Десантники наскоро построили круговую оборону, наметили места для пулеметных гнезд, запасные позиции. Уже брезжил рассвет. Вернувшиеся из разведки два солдата-лазутчика, нашли удобные проходы во вражеской обороне. Не медля ни секунды, командир отряда повел солдат на штурм неприятельских укреплений.

В огне боя

…Лейтенант Сергей Шпаковский очнулся утром. Он увидел над собой небритое, осунувшееся лицо Денисюка, который поддерживал его за голову. Ляликов, самый молодой в отряде разведчик, поднес командиру фляжку с водой. Шпаковский пил жадно и, точно сбросив с себя тяжелый груз, почувствовал облегчение во всем теле.
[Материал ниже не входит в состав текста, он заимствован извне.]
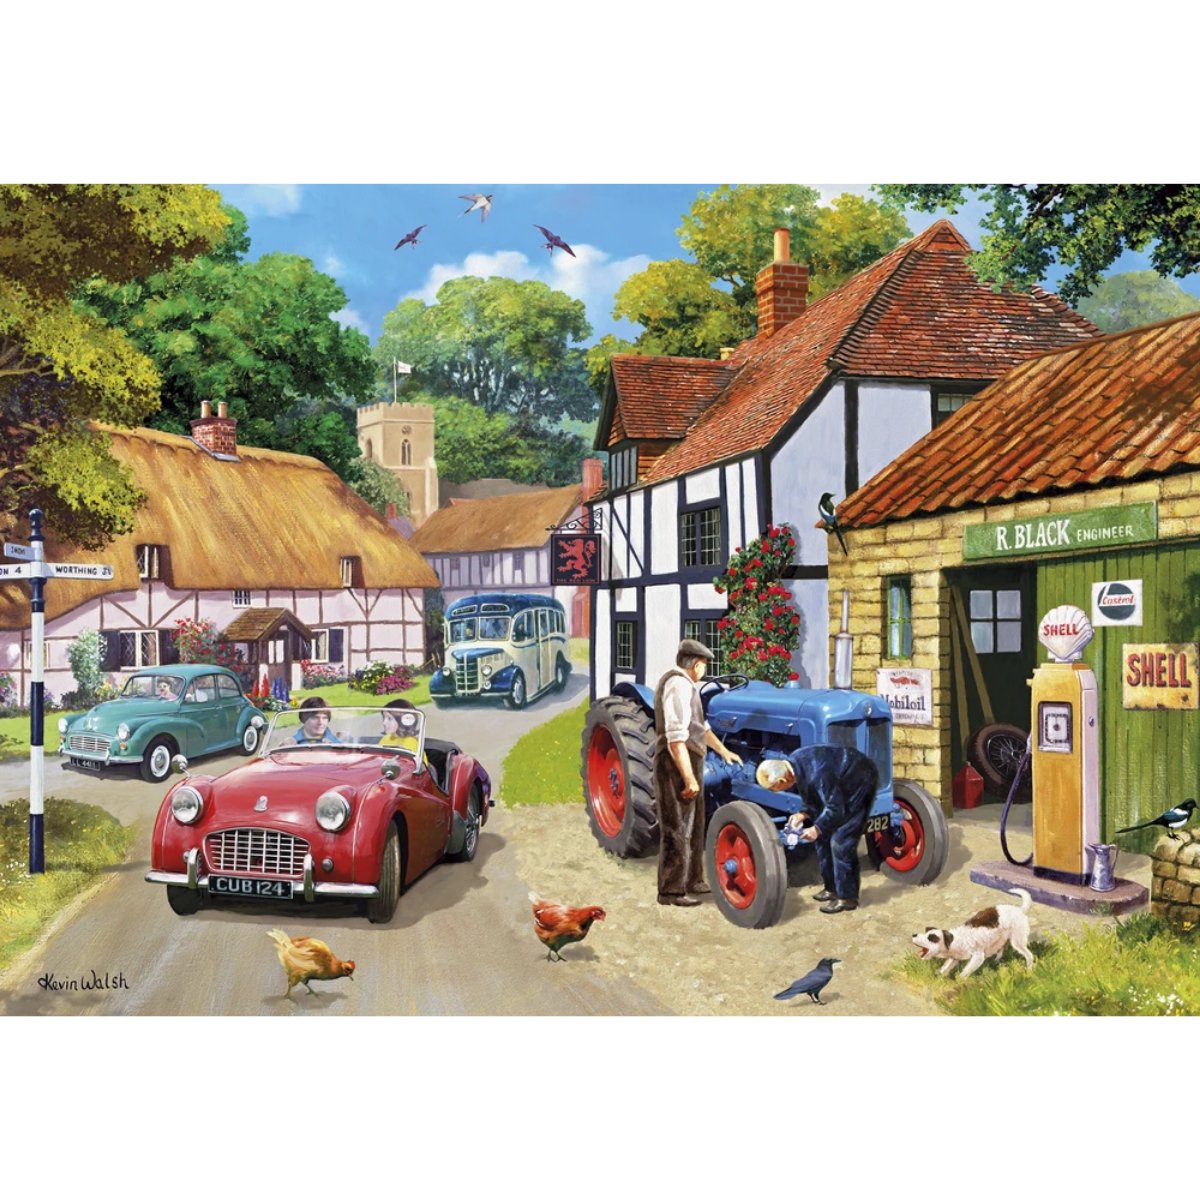 Gibsons Running Repairs Jigsaw Puzzle (100XXL Pieces)

Было тихо. Над собой видел Шпаковский синее-синее небо, обложенное по горизонту кучевыми облаками. Ветер шевелил на его голове пряди растрепавшихся волос. Одежда промокла, на груди и на левом рукаве гимнастерки чернели пятна запекшейся крови. Он был ранен. Это случилось в первой атаке, когда Шпаковский, рассчитывая на внезапность, повел свой отряд на штурм вражеских позиций. Появление русских на правом берегу было полной неожиданностью для врага: вначале немцы даже не подозревали, что на их позиции прорвались советские бойцы, и только потом, услыхав знакомое русское «ура», фашисты всполошились. Но было слишком поздно. Огонь советских стрелков всюду настигал немцев, мечущихся по полю. Отряд Шпаковского в скоротечной схватке очистил вражеские траншеи, напал на огневые позиции батареи, и не успели немецкие артиллеристы открыть огонь, как отовсюду полетели гранаты, дробно застучали автоматы.

На пути отряда находилось первое правобережное селение — хутор Аулы. Шпаковский вел свой отряд прямо на хутор. С пистолетом в руке он бежал впереди цепи, не замечая, как вокруг вжикают пули и с глухим шорохом зарываются в песок осколки мин.

Неожиданно что-то обожгло тело. В первый миг Шпаковский не понял, что случилось, но, добежав до хутора, почувствовал, что ранен. Ноги подкосились, и он упал, теряя сознание. Больше часа пролежал Шпаковский, но когда пришел в себя, не мог ни встать, ни шевельнуть телом. Его перевязали. Старший сержант Денисюк, приняв на себя командование отрядом, приказал Гасрету Алиеву переправить Шпаковского на левый берег.

С первыми лучами восходящего солнца из-за ближнего перелеска, будто вспугнутая птица, взлетела ракета.

Из леса, как из мешка, высыпала вражеская пехота. И вся поляна с поблекшей осенней травой запестрела пепельно-зеленым цветом немецких мундиров. Денисюк положил на бруствер окопа гранаты и предупредил солдат: не стрелять, пока он не подаст сигнала.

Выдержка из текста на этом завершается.